Selene by Atla AI: Open Source LLM Judge for AI App Evaluation

Selene

3.5 | 126 | 0
Type:
Open Source Projects
Last Updated:
2025/09/14
Description:
Selene by Atla AI provides precise judgments on your AI app's performance. Explore open source LLM Judge models for industry-leading accuracy and reliable AI evaluation.
Share:
LLM evaluation
AI judge
model evaluation
open source AI
AI reliability

Overview of Selene

Selene by Atla AI: Frontier AI Evaluation Models

What is Selene?

Selene is a suite of open-source LLM Judge models developed by Atla AI, designed to provide precise and reliable evaluations of AI application performance. It helps developers build trust with customers by ensuring the reliability of their generative AI apps through detailed scores and actionable critiques.

How does Selene work?

Selene models function as LLM-as-a-Judge, analyzing AI responses to provide scores and critiques. You can use the Selene models through Hugging Face Transformers, Ollama, or Github.

Selene Models

Explore the right size for your evaluation needs with two primary models:

  • Selene 1: The flagship model offering industry-leading accuracy across a wide variety of evaluation tasks. Ideal for pre-production evaluations.
  • Selene 1 Mini: A lean, optimized version perfect for running evaluations at inference time, prioritizing speed and efficiency.

Key Features and Benefits

  • High Accuracy: Selene is designed to provide the most accurate evaluations available.
  • Versatile Evaluation: Suitable for a wide variety of eval tasks.
  • Optimized for Speed: Selene 1 Mini is optimized for running evals quickly during inference.
  • Open Source: Use and contribute to the models through Hugging Face Transformers.

How to Use Selene

To use Selene, you can leverage the Hugging Face Transformers library.

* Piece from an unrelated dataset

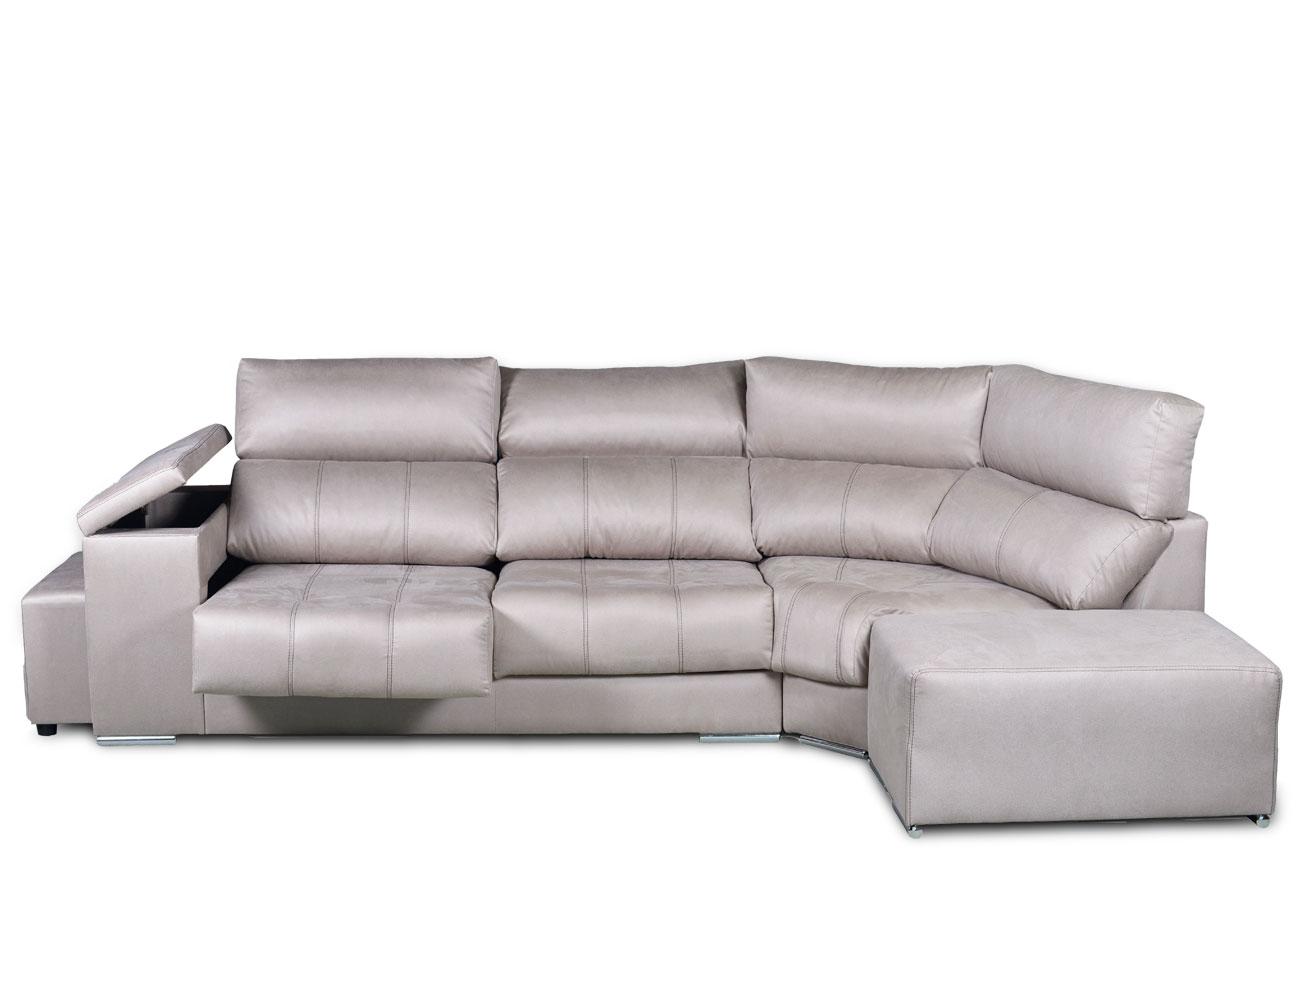 Sofa rinconera tejido anti manchas gris plata arcon taburetes puffs

Here's a simple example:

from transformers import AutoModelForCausalLM, AutoTokenizer

device = "cuda"  # the device to load the model onto
model_id = "AtlaAI/Selene-1-Mini-Llama-3.1-8B"
model = AutoModelForCausalLM.from_pretrained(model_id, device_map="auto")
tokenizer = AutoTokenizer.from_pretrained(model_id)

prompt = "I heard you can evaluate my responses?"  # replace with your eval prompt

messages = [{"role": "user", "content": prompt}]
text = tokenizer.apply_chat_template(messages, tokenize=False, add_generation_prompt=True)
model_inputs = tokenizer([text], return_tensors="pt").to(device)
generated_ids = model.generate(model_inputs.input_ids, max_new_tokens=512, do_sample=True)
generated_ids = [output_ids[len(input_ids):] for input_ids, output_ids in zip(model_inputs.input_ids, generated_ids)]

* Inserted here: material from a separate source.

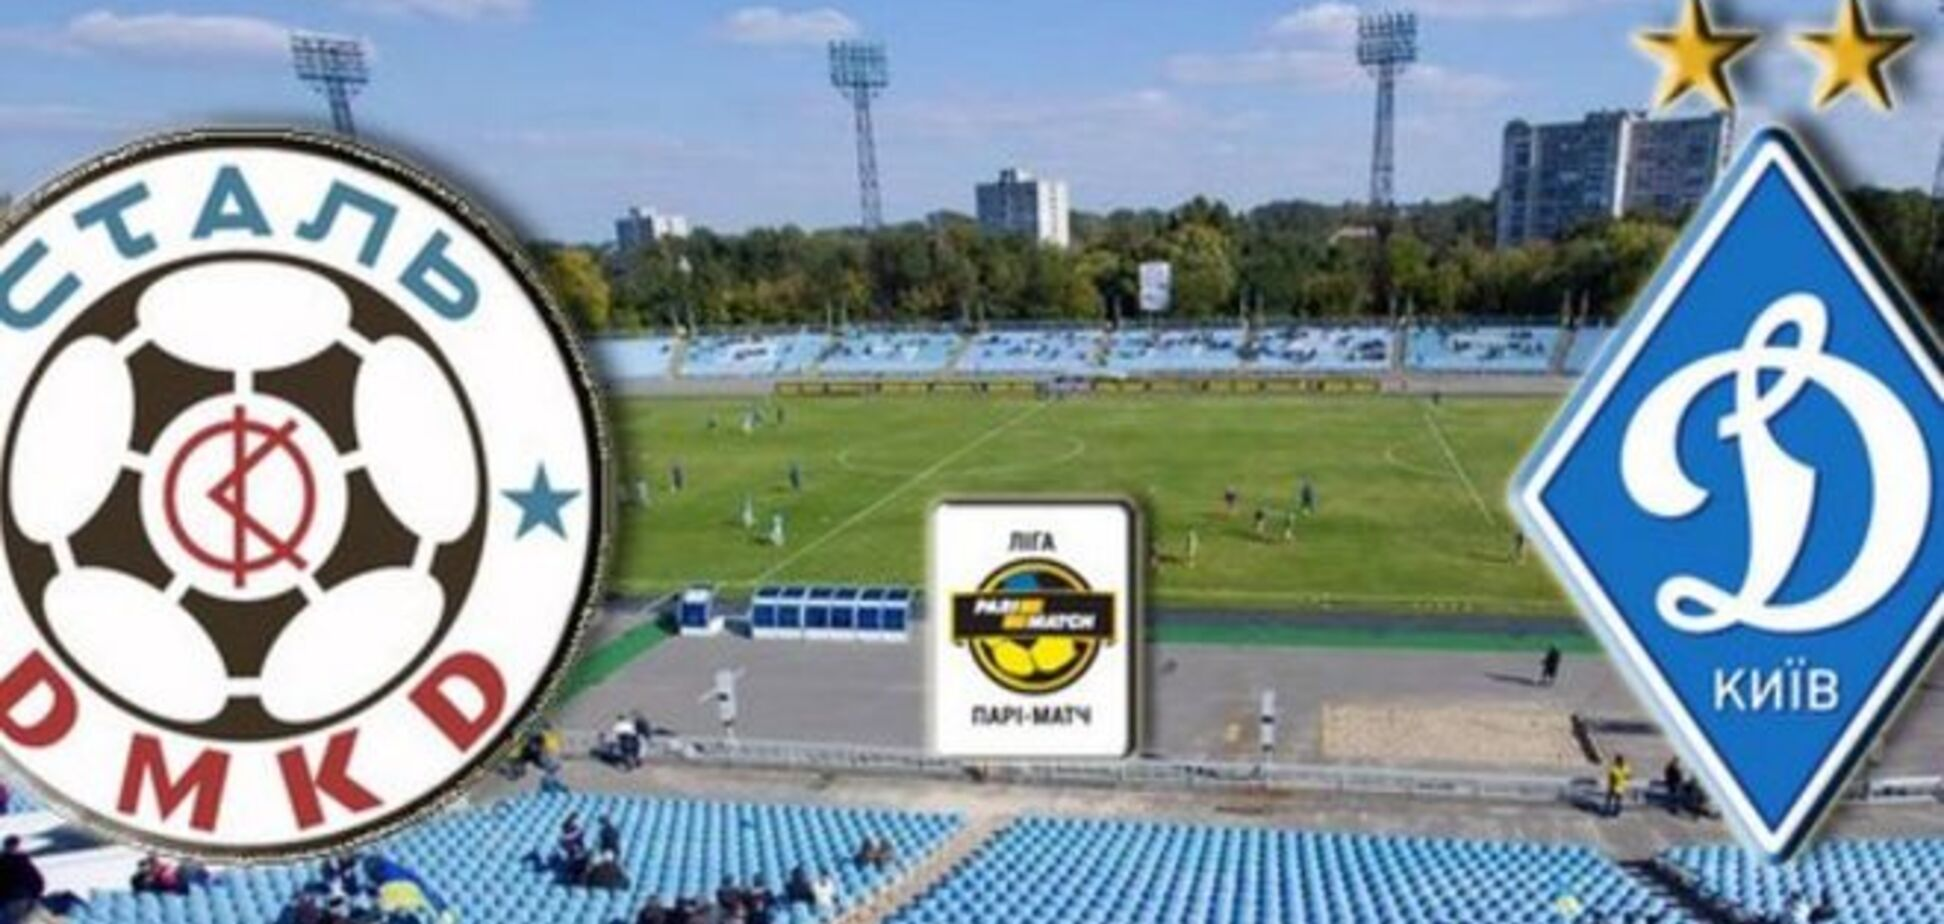 Сталь - Динамо: прогноз, де дивитися матч

response = tokenizer.batch_decode(generated_ids, skip_special_tokens=True)[0]

Use Cases

  • Evaluating Agent Performance: Use Selene to evaluate the performance of AI agents, track errors, and gain instant insights.
  • Building Trust: Ensure the reliability of your generative AI app to build trust with customers.
  • Pre-Production Evals: Use Selene 1 for rigorous evaluations before deploying your AI application.
  • Inference-Time Evals: Use Selene 1 Mini for quick evaluations during inference.

Why is Selene important?

As AI applications become more prevalent, ensuring their reliability and trustworthiness is crucial. Selene provides a robust and accurate means of evaluating AI performance, empowering developers to create safer and more reliable AI systems. It is particularly important for building trust with customers, especially in generative AI applications where outputs can be unpredictable.

Where can I use Selene?

You can integrate Selene into your AI development workflow using Hugging Face Transformers. Also, you can explore Agent Evals by Atla to enhance and track Agents.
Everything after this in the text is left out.